**WHAT YOU WILL DO**. Give back the full listing exactly, setting the pictures aside.

**INFORMATION SUPPLIED**.
◆ ◆ ◆

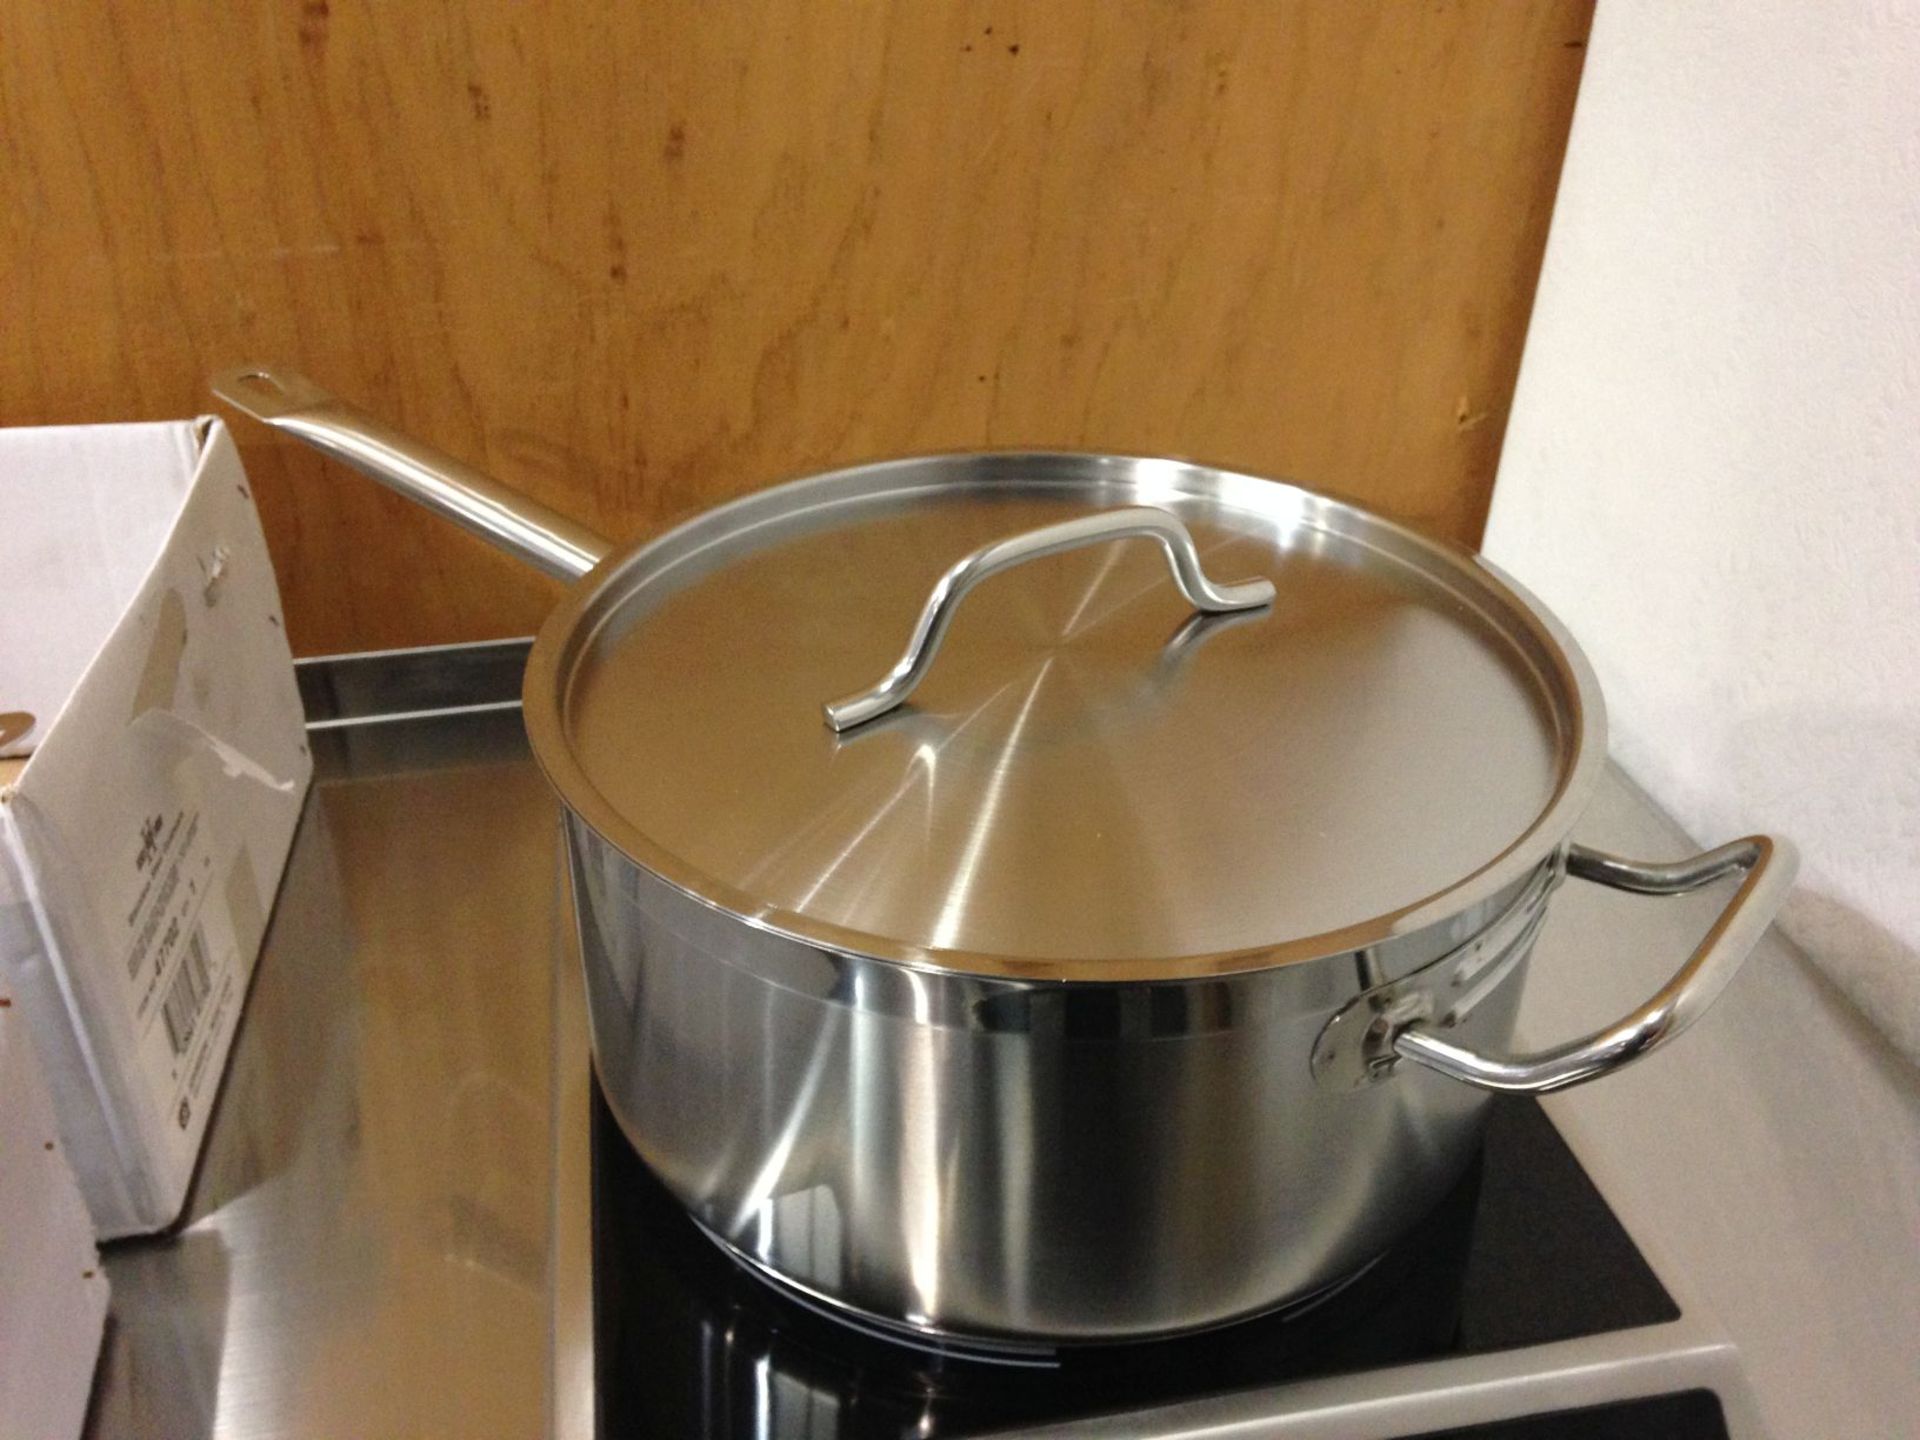 7.5qt Heavy Duty Sauce Pan Induction Capable - Image 4 of 4
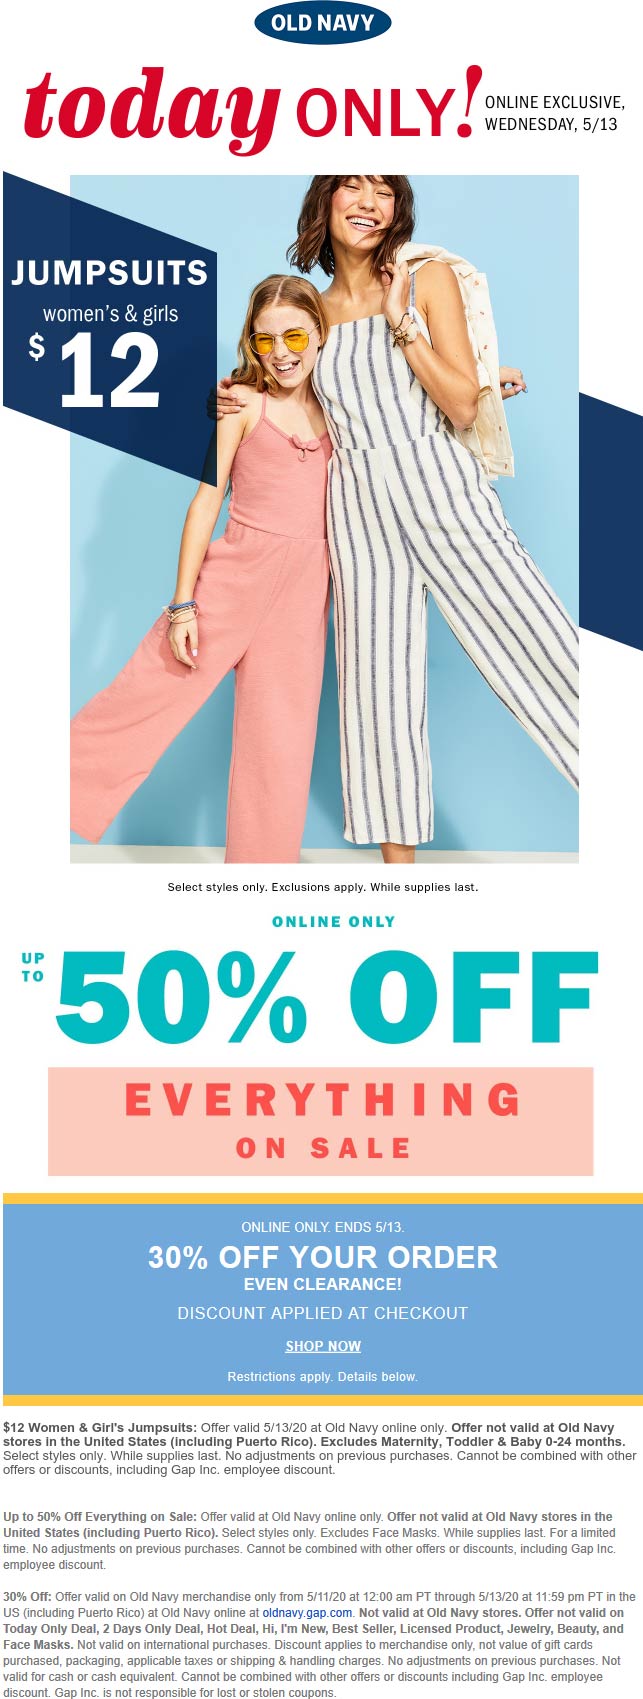 Old Navy stores Coupon  30% off everything today at Old Navy #oldnavy
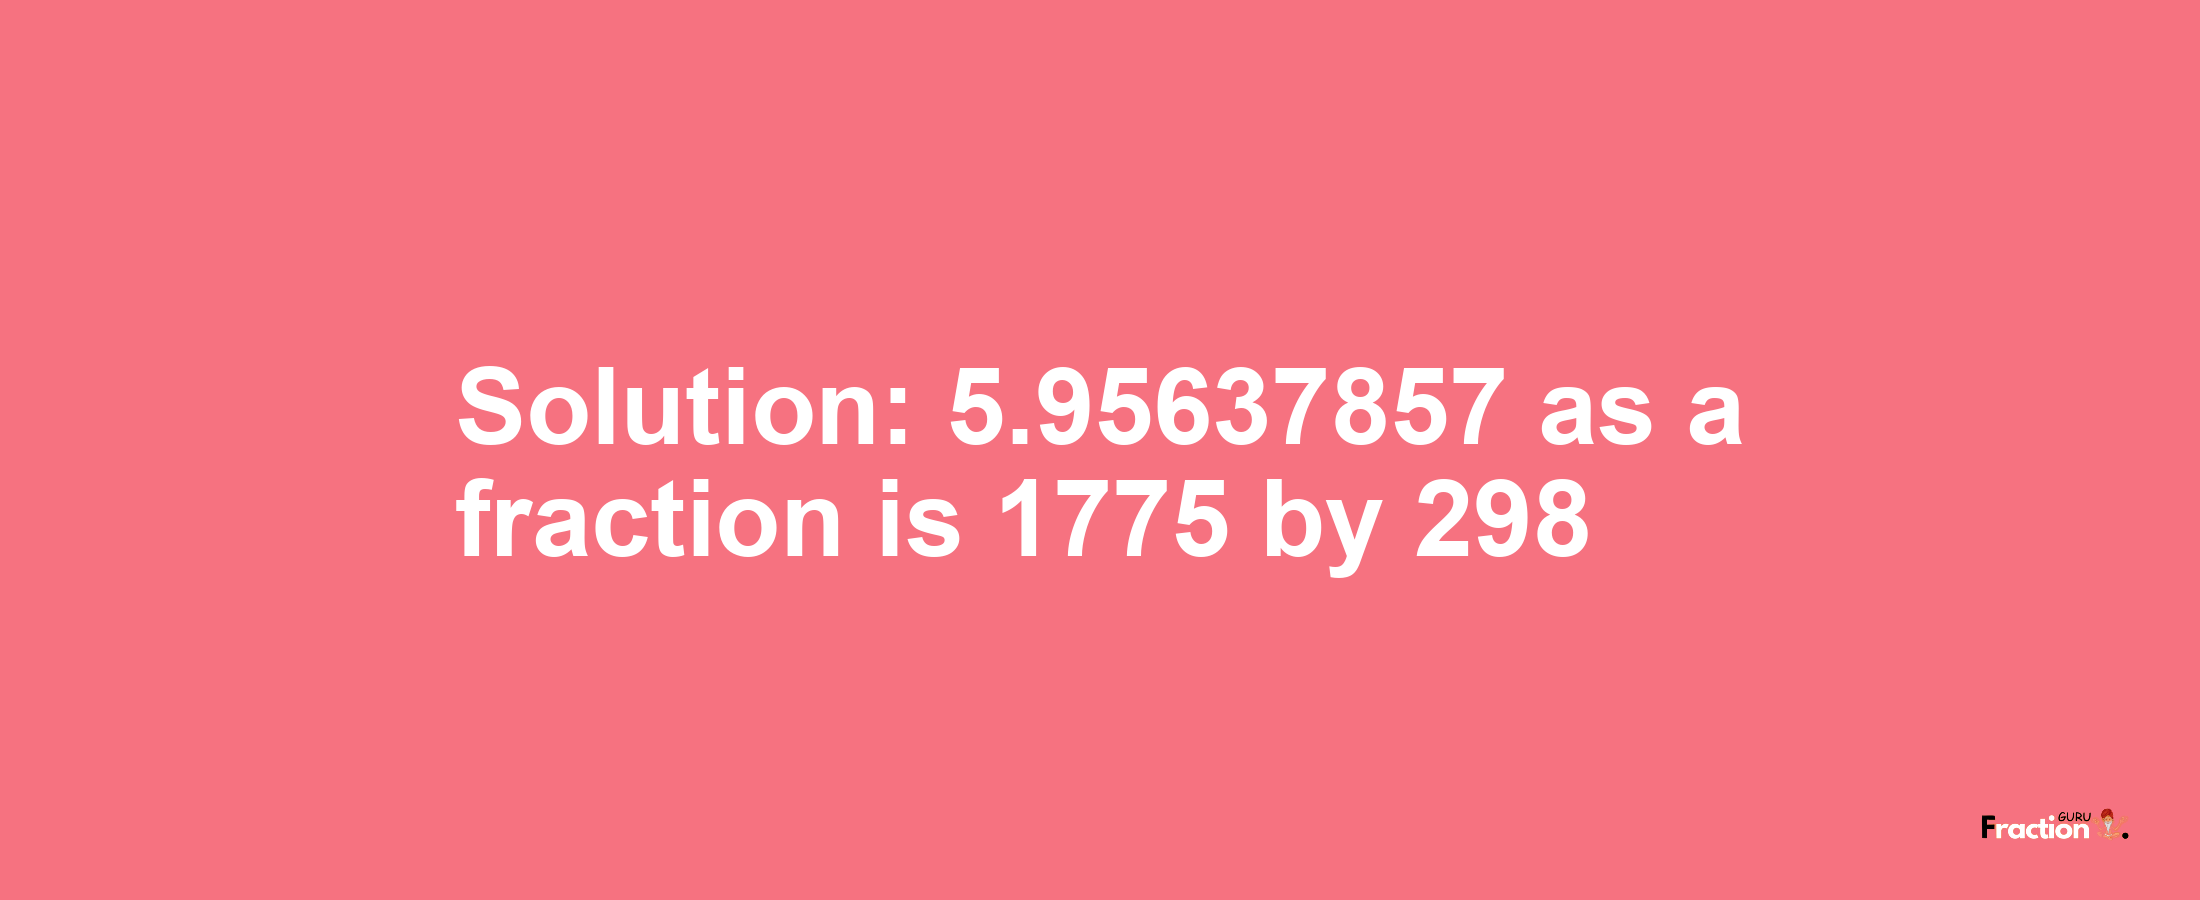 Solution:5.95637857 as a fraction is 1775/298

◆ ◆ ◆

**RESPONSE AREA**.
 7.5qt Heavy Duty Sauce Pan Induction Capable - Image 4 of 4
 Old Navy stores Coupon  30% off everything today at Old Navy #oldnavy
 Solution:5.95637857 as a fraction is 1775/298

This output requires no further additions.